Bell-Irving had just fired the white flare declaring Halifax taken and was rallying the men for a charge on Montreal when a machine gun opened up from a nearby wood and men began to fall screaming. Flashes from “a black jumble of fallen trees” betrayed the gun’s location. Immediately a group of men rushed the position only to
be driven to ground by its deadly fire. Suddenly the attack began to falter. Seeing a clearing to the left of the position that could be crossed quickly, Bell-Irving dashed alone into it and came at the gun from the flank. His revolver had been jammed earlier by mud, but he had snatched a rifle with fixed bayonet from a casualty. Now he leapt over the machine gun’s parapet into the midst of the gun crew and in quick succession bayoneted three Germans. The fourth managed to grab Bell-Irving’s rifle, threatening to wrest it away from the tiring officer, when reinforcements arrived and someone shot the German down. Still clinging to the rifle, Bell-Irving stood panting over the corpse. Then he tossed the gun aside, scooped up a new rifle with fixed bayonet, and calmly led the battalion toward Montreal.

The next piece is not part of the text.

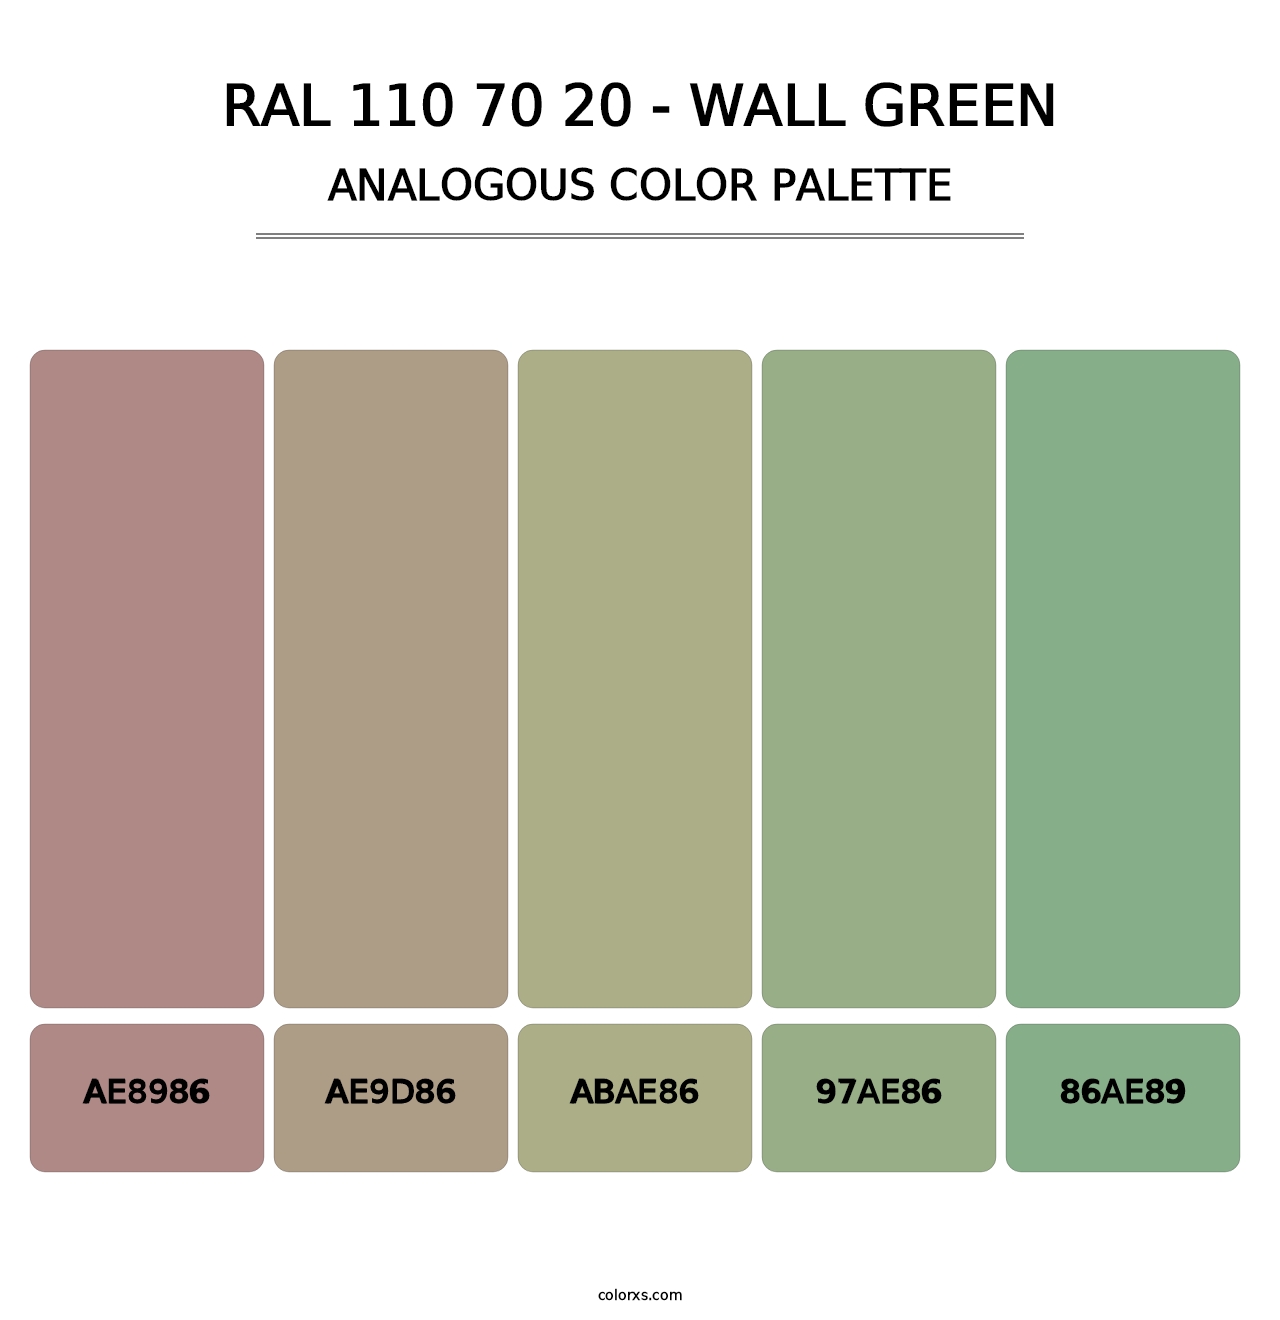 RAL 110 70 20 - Wall Green - Analogous Color Palette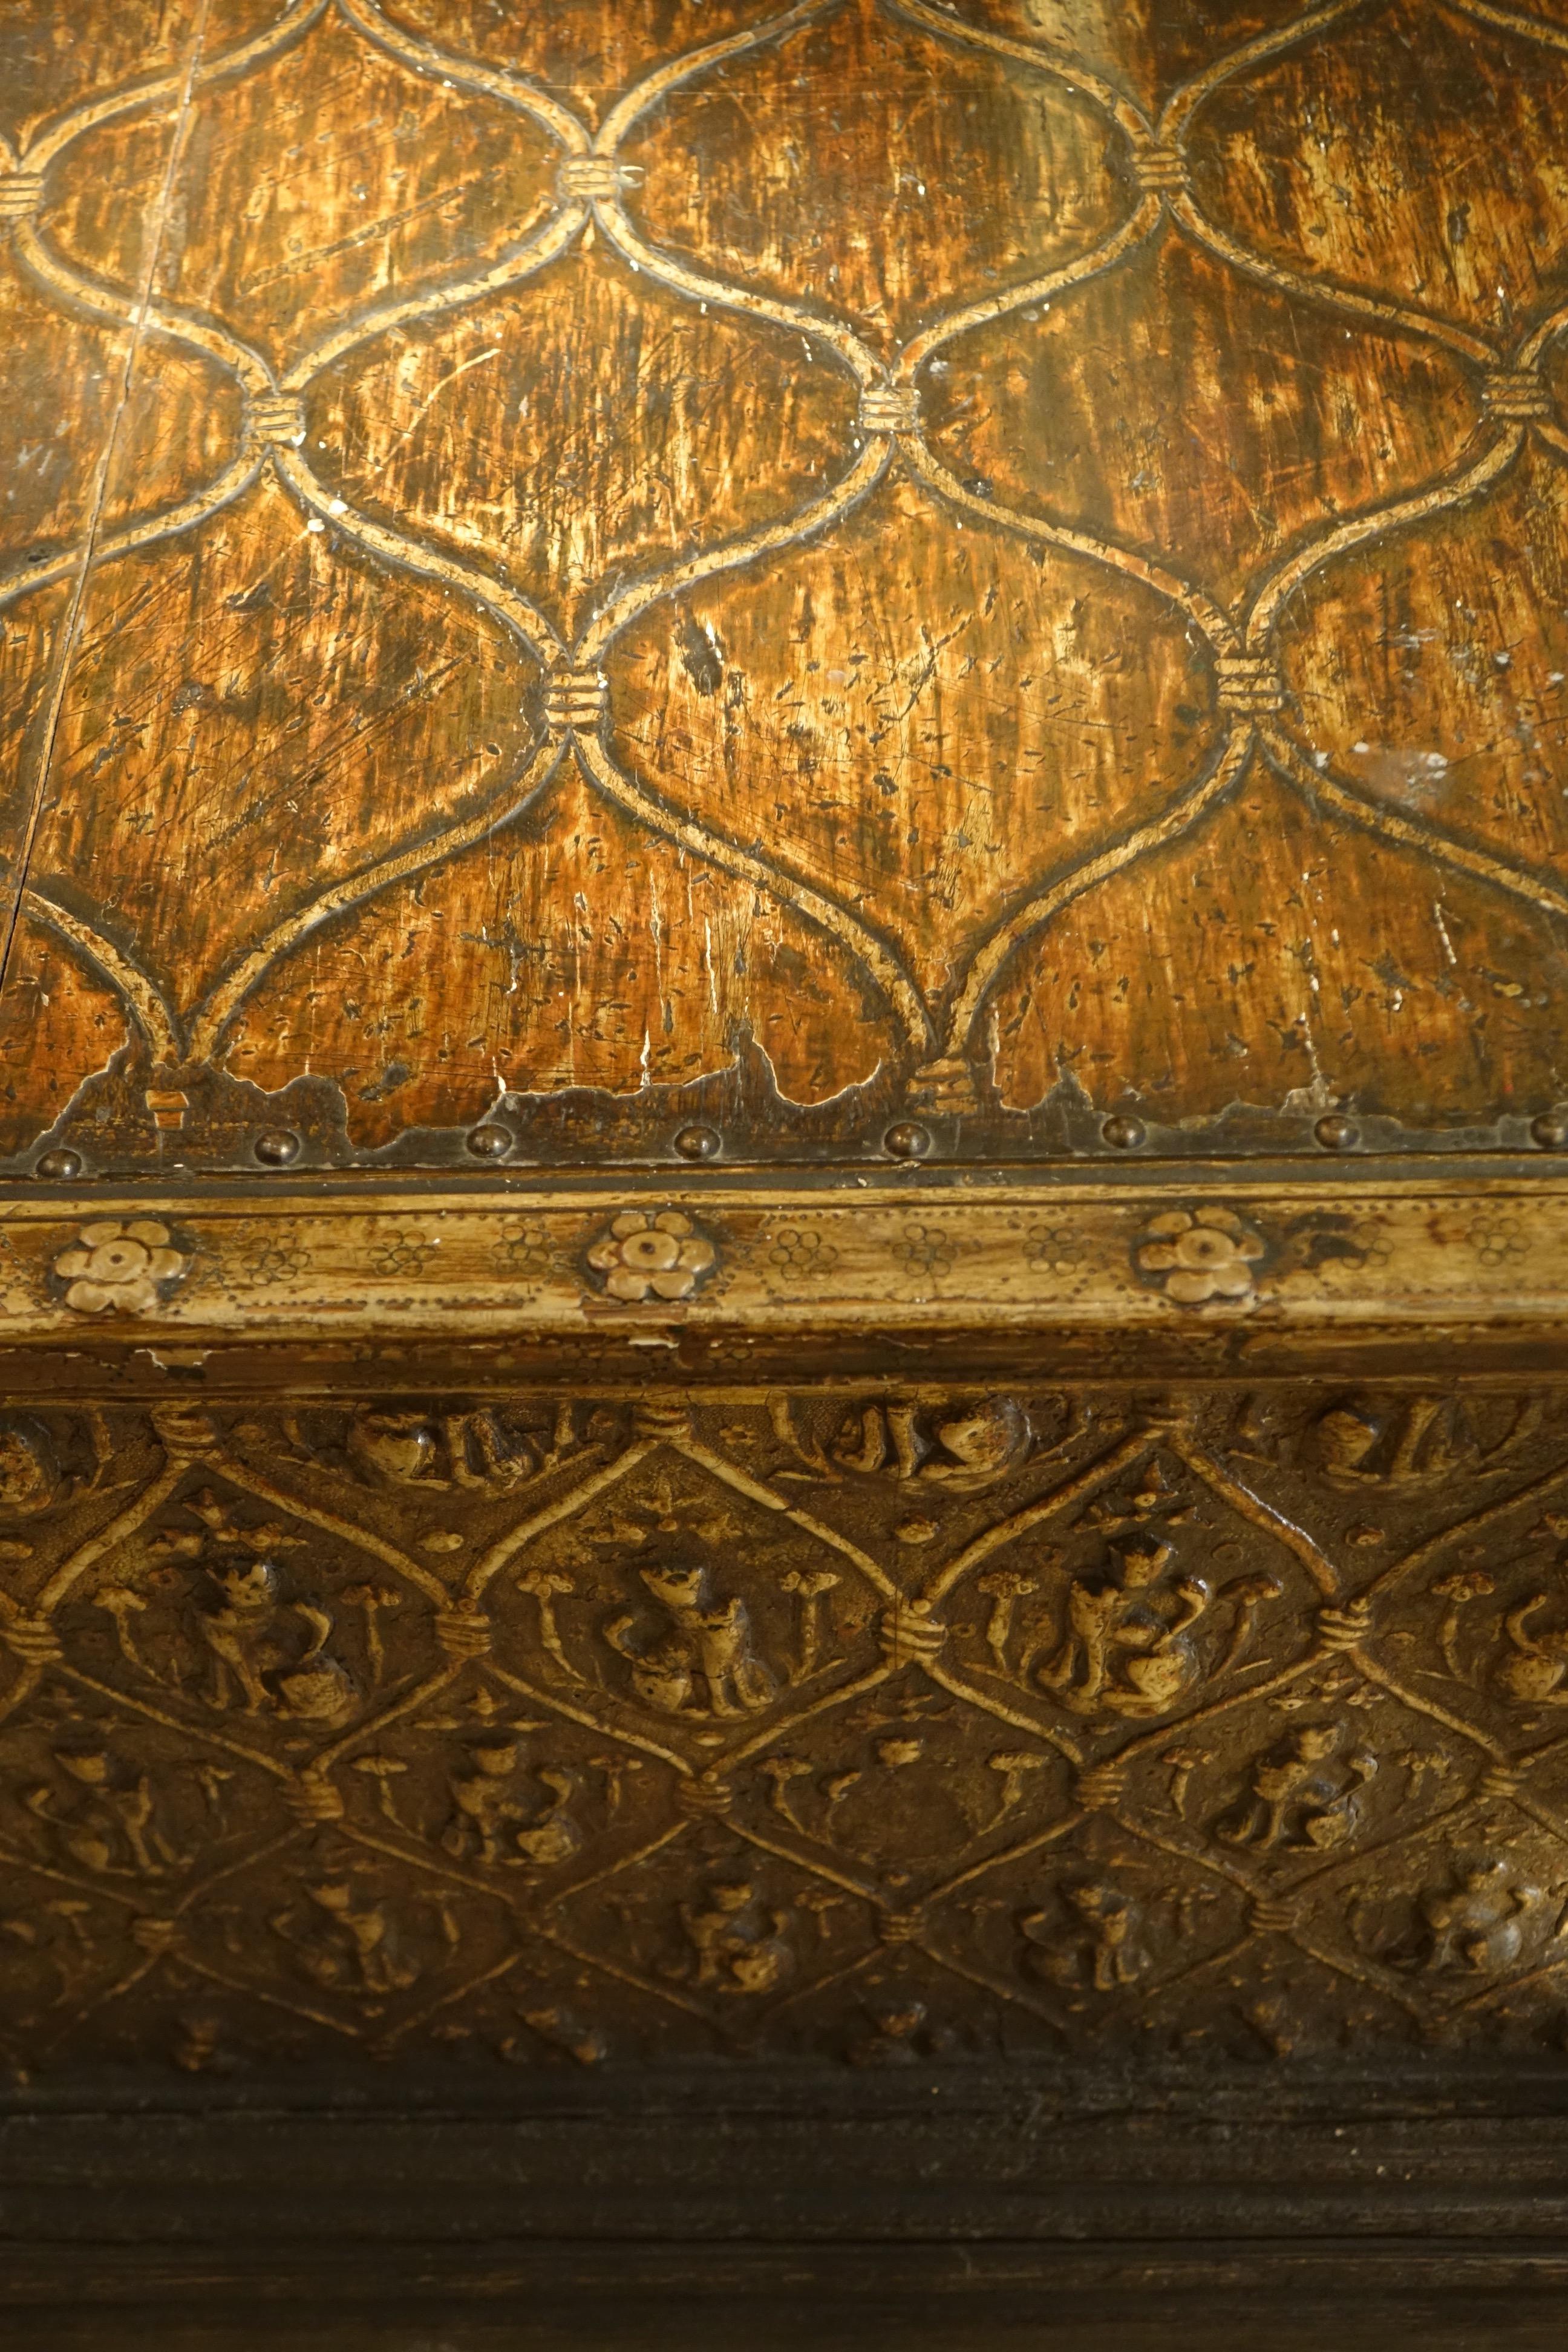 Renaissance Large 15th Century Wedding Cassone With Pastiglia Decoration, Florence Italy For Sale

Nos. 1 and 2 Companies moved out in line, no longer strong enough to form two waves. Close behind were the other two companies. As they left Halifax, the artillery finished working over Montreal and lifted. It was so dark, finding the way without straying either to left or right was almost impossible. They clambered over tangles of dead and wounded, shattered trees the artillery had felled as cleanly as an axe, slipping in the oily mud, tripping over webs of branches and stumps. Rifles still jammed, they threw grenades at any German position encountered. It was a dangerous practice as in the blackness they could easily grenade their comrades. More than a few men were wounded by shrapnel from a grenade thrown by a nearby friend. Montreal fell easily and the battalion paused to reorganize with all four companies now strung into one ever-shrinking line.